Machine learning methods for big data trade off bias for precision in prediction. To understand the implications for financial markets, I formulate a trading model with a prediction technology where investors optimally choose a biased estimator. The model identifies a novel cost of complexity that arises endogenously. This effect makes it optimal to ignore costless signals and introduces in- and out-of-sample return predictability that is not driven by priced risk or behavioral biases. Empirically, the model can explain patterns of vanishing predictability of the equity risk premium. The model calibration is consistent with a technological shift following the rise of private computers and the invention of the internet. When allowing for heterogeneity in information between agents, complexity drives a wedge between the private and social value of data and lowers price informativeness. Estimation errors generate short-term price reversals similar to liquidity demand.

Futures Trading Costs and Market Microstructure Invariance: Identifying Bet Activity

Ai Jun Hou, Lars Nordén, Caihong Xu

Stockholm Business School, Sweden

Market microstructure invariance (MMI) stipulates that trading costs of financial assets are driven by the volume and volatility of bets, that are, transactions intended to produce idiosyncratic gains based on investors’ beliefs. With futures transactions data, we estimate bet volume as the trading volume of brokerage firms that trade on behalf of their clients and bet volatility as the trade-related component of futures volatility. We find that the futures bid-ask spread lines up with bet volume and bet volatility as predicted by MMI, and that intermediation by high frequency traders does not interfere with the MMI relation.

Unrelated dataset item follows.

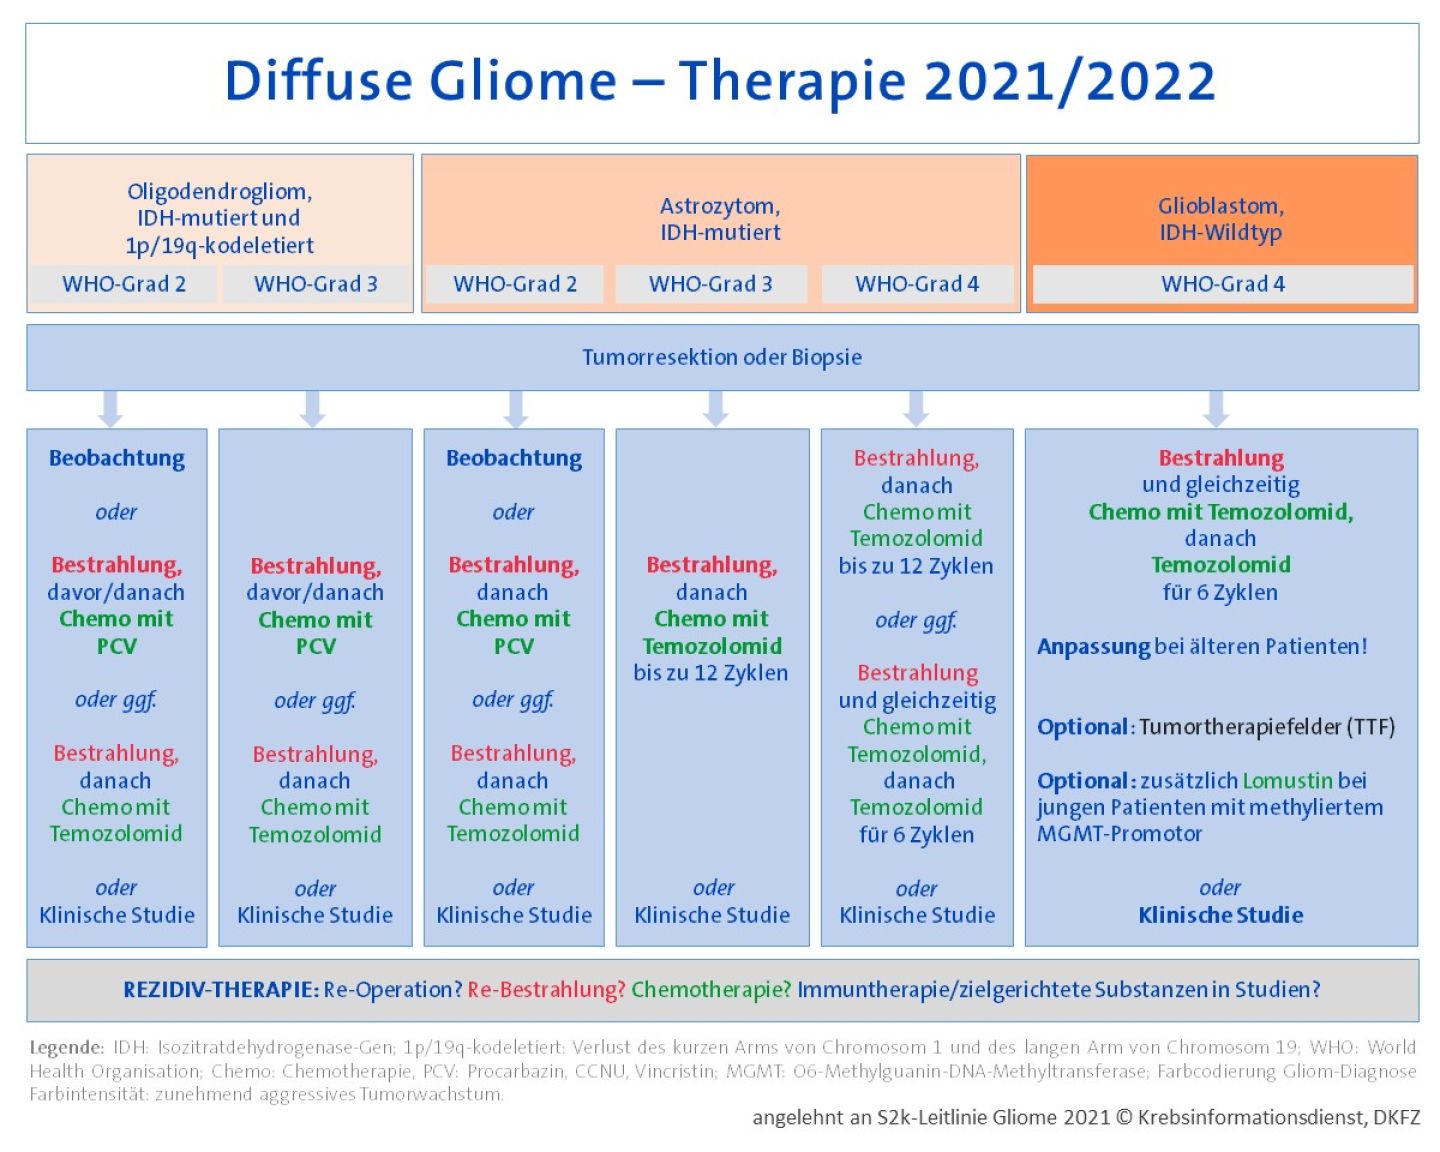 Übersichtstabelle mit Behandlungsoptionen für diffuse Gliome vom Erwachsenentyp, basierend auf der S2k-Leitlinie 2021

ETFs, Anomalies and Market Efficiency

Ilias Filippou1, Songrun He2, Sophia Zhengzi Li3, Guofu Zhou4

1Olin Business School, Washington University in St. Louis, United States of America; 2Olin Business School, Washington University in St. Louis, United States of America; 3Rutgers University; 4Olin Business School, Washington University in St. Louis, United States of America

We investigate the effect of ETF ownership on stock market anomalies and mar- ket efficiency. We find that low ETF ownership stocks exhibit higher returns, greater Sharpe ratios, and highly significant alphas compared to high ETF ownership stocks. We show that high ETF ownership stocks demonstrate more pronounced information flows than low ETF ownership stocks, reducing their mispricing as they are more in- formationally efficient. We find similar results when we match the two groups based on size, volume, book-to-market, and momentum. Our results are robust to different matching methods and to a wide array of controls in Fama-MacBeth regressions. Using Russell index reconstitution, we find causal evidence that ETF ownership attenuates anomaly returns.